Я читал, что где-то в Берлине находится мемориал гомосексуалам — жертвам холокоста, и что это большой серый камень, в нем прорублено крохотное окошко, а внутри — черно-белый телевизор, который показывает двух целующихся мужчин. Они вечно целуются в этом маленьком черно-белом окошке, в этом большом сером камне, спрятанном от людей в большом парке. И если бы в России сделали мемориал гомосексуалам — жертвам репрессий, он находился бы тут — в подземном обоссанном туалете на площади Куйбышева, самой большой площади Европы, как говорят все экскурсоводы.
— В конце 2022 года ты просто взял и выложил свой роман в интернете в открытый доступ. Почему?
— Безысходность. Я понимал, что этот текст написал для людей. Я понимал, что людям он нужен, очень многим людям он нужен, потому что он мне бы был бы нужен в мое время. Некоторые мои друзья его почитали и сказали, что это хорошая литература. И я понимал, что двух этих обстоятельств достаточно, чтобы текст выложить в открытый доступ. Я тогда написал на Фейсбуке, что закрою доступ в день принятия «закона об ЛГБТ». Я так и сделал. И
так получилось, что роман пошел по рукам, зажил своей жизнью.
— Ты пишешь роман о геях. Его главный рассказчик, лирический герой — это гомосексуальный парень в современной провинции. Не было ли у тебя опасений, что это навесят на тебя ярлык гей-автора, что это как-то ограничит тебя в творчестве?

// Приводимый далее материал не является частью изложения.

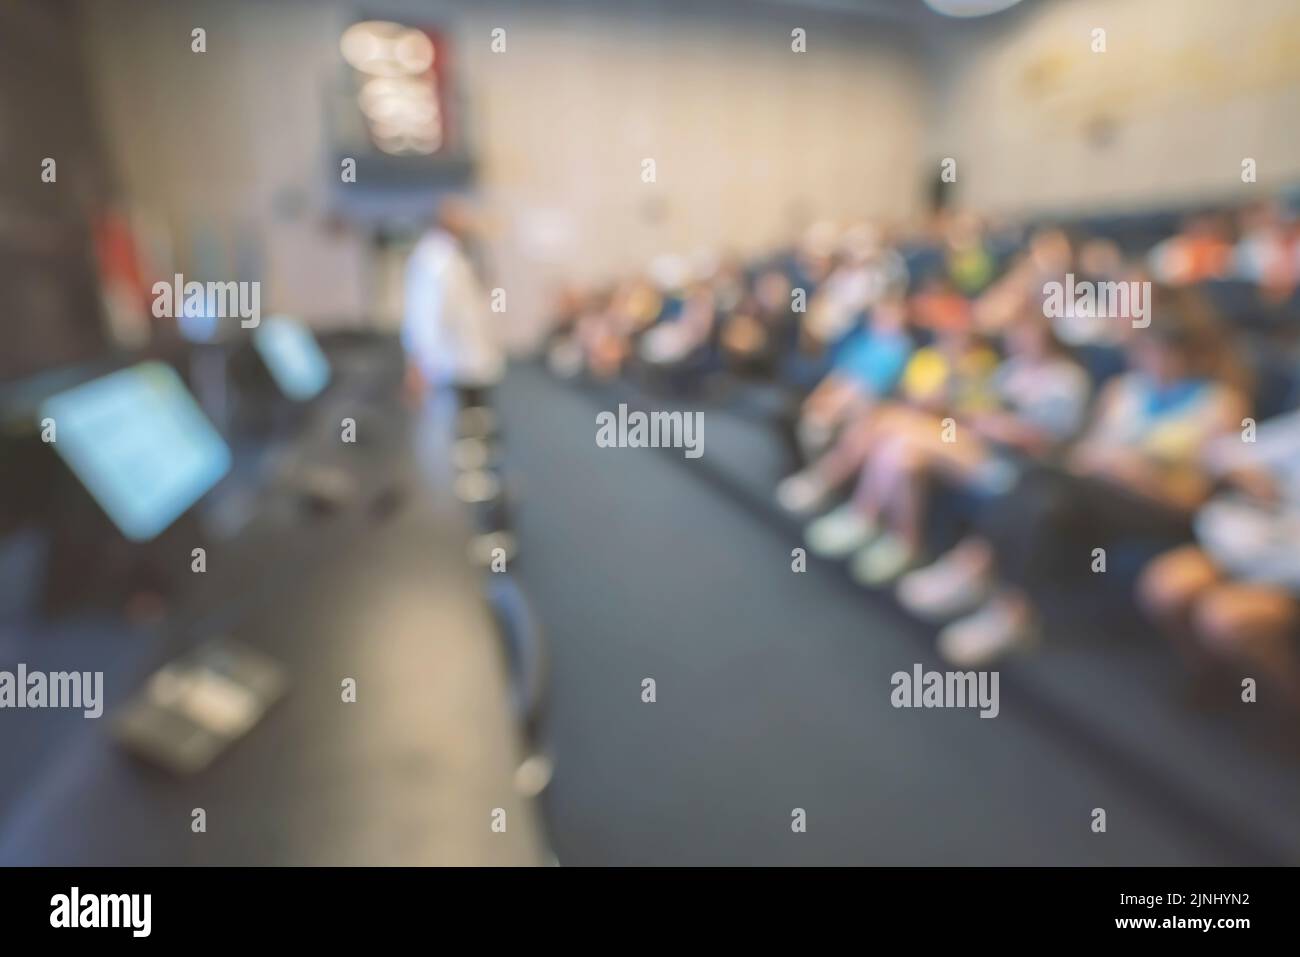 Abstract blurred people lecture in seminar room, education concept. High quality photo Stock Photo

— Нет, я делал ровно то, что читал правильным по своим этическим и эстетическим соображениям. Я в этом смысле человек идеи. Текст нужен людям, и, значит, я должен делать так, чтобы он стал доступен. Моя работа должна быть замеченной, она должна существовать. Текст должен дойти до адресата. А что будет дальше? Черт его знает. Я тогда думал, что нет будущего.
— Какой была реакция на ту первую публикацию?
— Мне как-то внезапно стало писать много людей, что им очень понравилось. Не было ни одного оскорбления, ни одной угрозы.
Даже удивительно, потому что я сталкивался с таким, когда мы делали спектакли, когда я писал пьесы: были и с губернаторами конфликты, и какие-то зрители писали жалобы или гадости в личку.
Но здесь не было ничего подобного. Видимо, роман пошел по тем людям, которым он нужен. Он не попал к ненужным.
— Чем отличается тот твой текст от того, который вышел книгой сейчас, вне России, в издательстве Freedom Letters?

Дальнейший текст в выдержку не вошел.